Here is a couple to give you a flavor:
·         What is your favorite way of getting product information?
·         I see your job description is maintenance manager; can you give me an idea of what your duties cover?
·         What do you expect from one of your top supply partners?

We won’t waste time with the whole open ended question lecture.  There are other resources for that skill, but do not that each of these questions allowed the customer the opportunity to help you do a better job. 

Step Two – Create questions prior to your first visit.
I recommend making the first meeting entirely about the customer.  Your job is to gather information, make a good first impression and open the door for future sales.  But remember the Boy Scout Moto.  Be prepared.

 Have the following at your disposal:
·         A company line card
·         A “composition book” and a pen for taking notes
·         A history of previous sales to the customer (if applicable)
·         An understanding of any issues which may still be lurking in your customer’s mind from previous experiences.

Step Three – Be Prepared
You’ve met the customer, but the first impression continues far beyond the twenty minutes you spend together.

Make yourself different

There are thousands of new salespeople cruising around the planet.  A good many are trolling around your territory.  But you’re different.

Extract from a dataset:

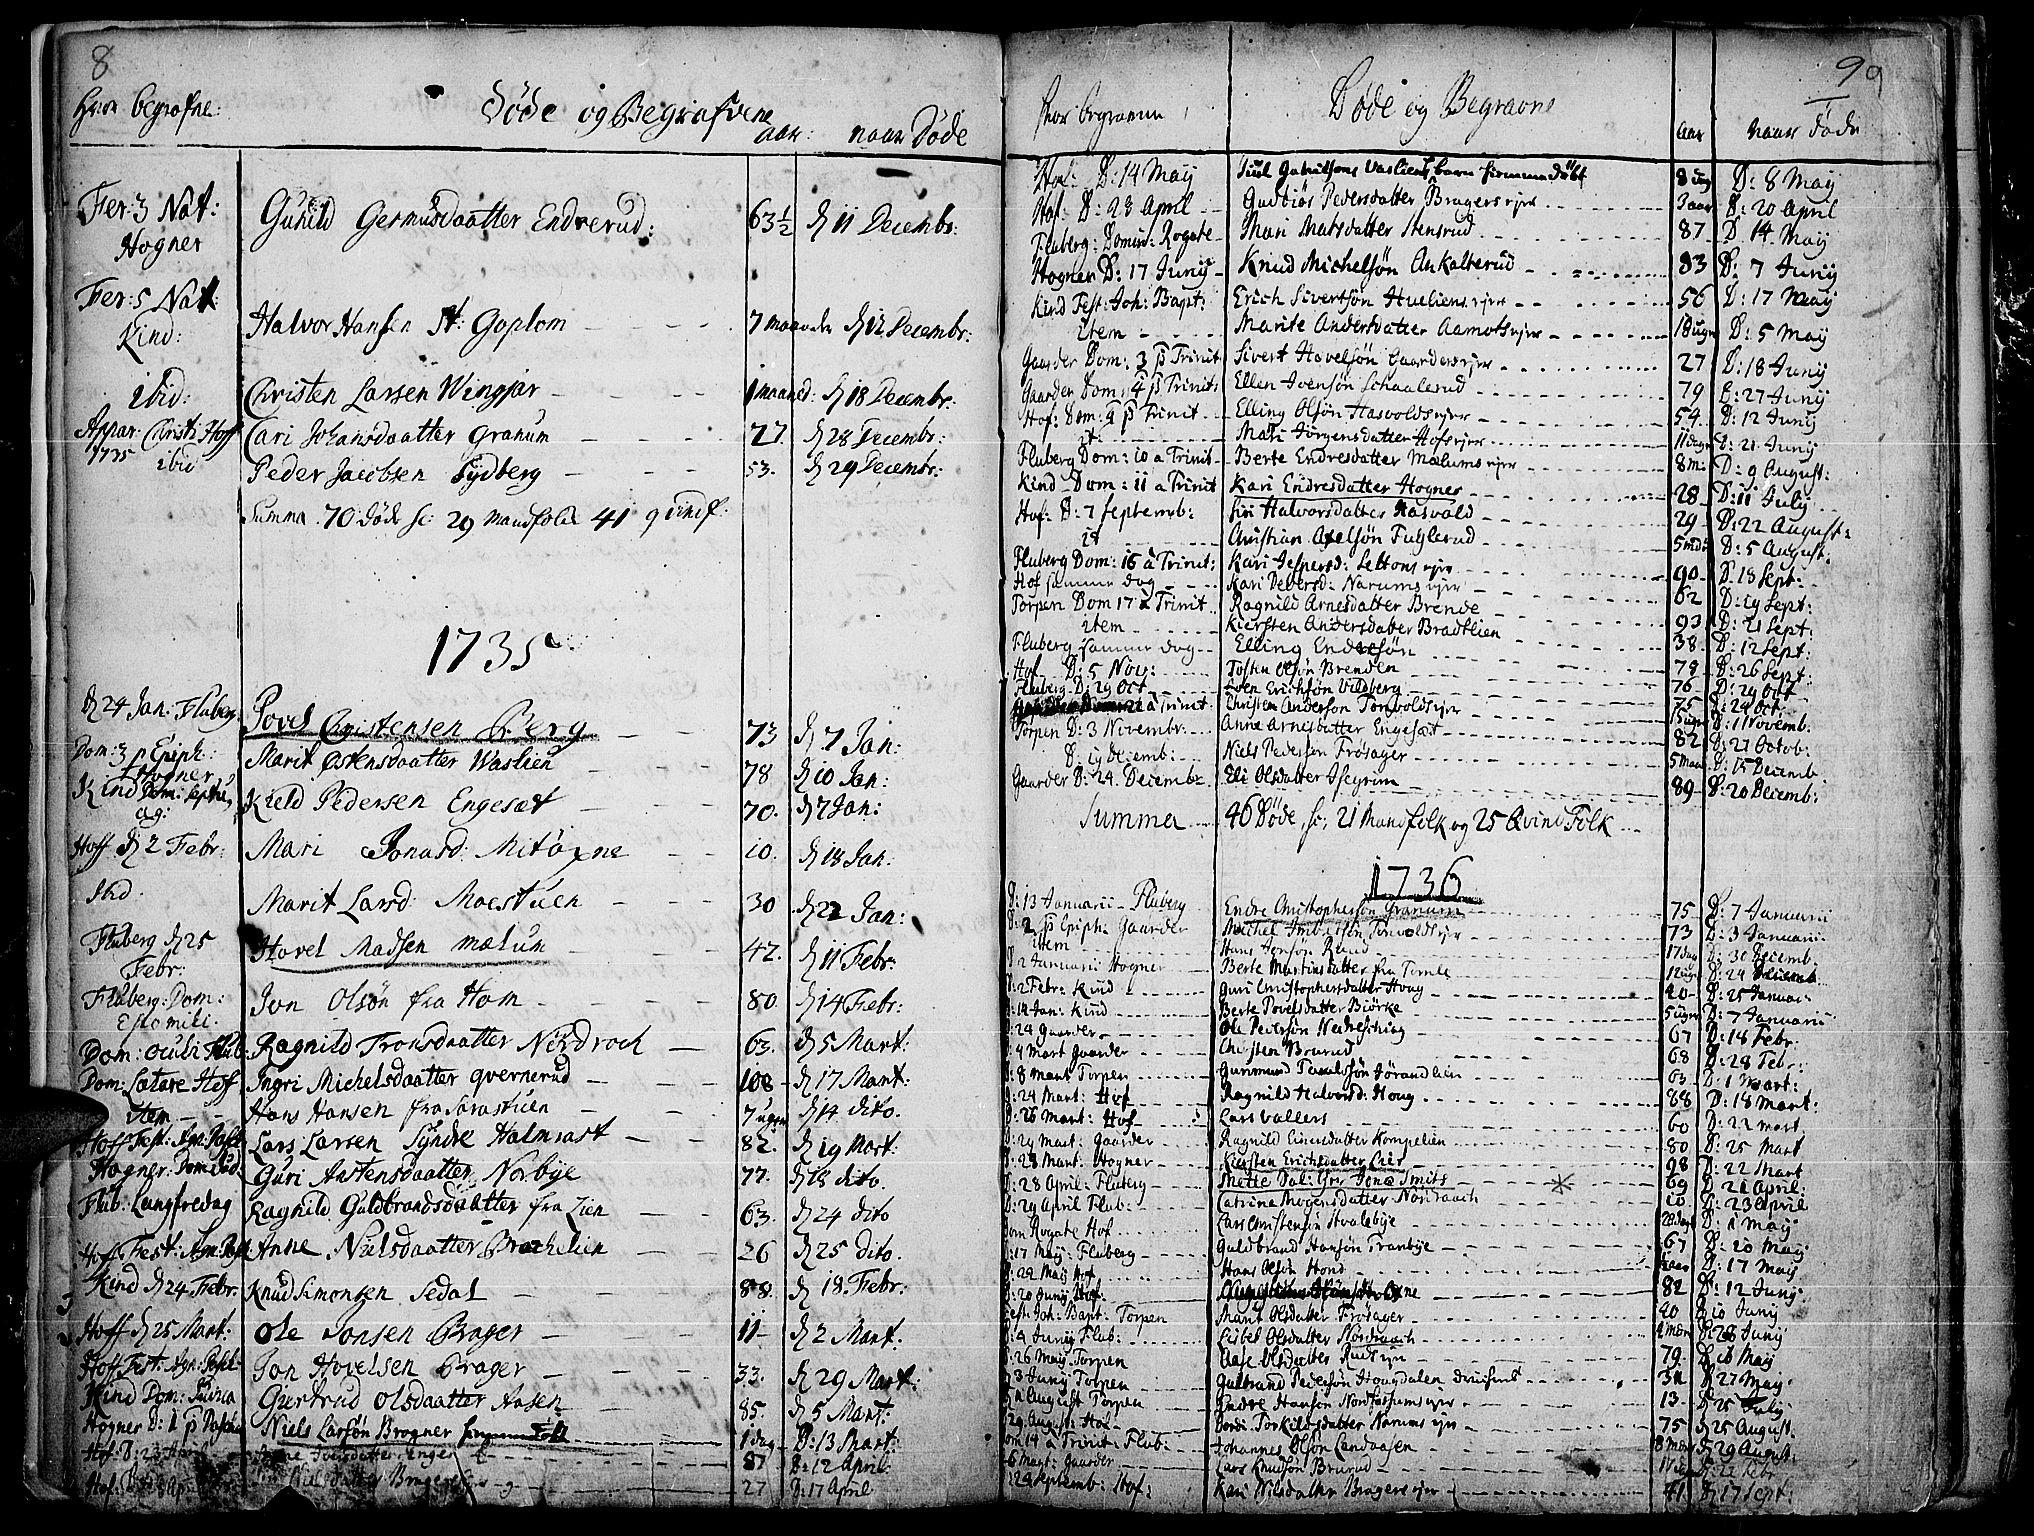 SAH, Land prestekontor, Ministerialbok nr. 4, 1733-1764, s. 8-9

The best way to jump start a relationship is to let the customer know you value their time and you value their opinion.  I recommend sending each new customer contact a thank-you note following your first visit.  Pay attention.  I did not say thank you email.  Send an honest to goodness card that says something like this:

John,

Thanks for sharing your time with me yesterday.  I really appreciate that you were willing to invest in our future.

Your opinions on the value of a good supplier made a bigger impact than you might imagine.  I have been thinking about what you said for the past couple of days.

Imagine this, the customer arrives at work and finds the card on his desk.  You took time to think of him.  Now he stops his work and reflects back on your time together. 
 
It’s a memorable first impression.

There are many other relationship accelerators.  We’ll hit them another time. But for now think about stepping off on the right foot.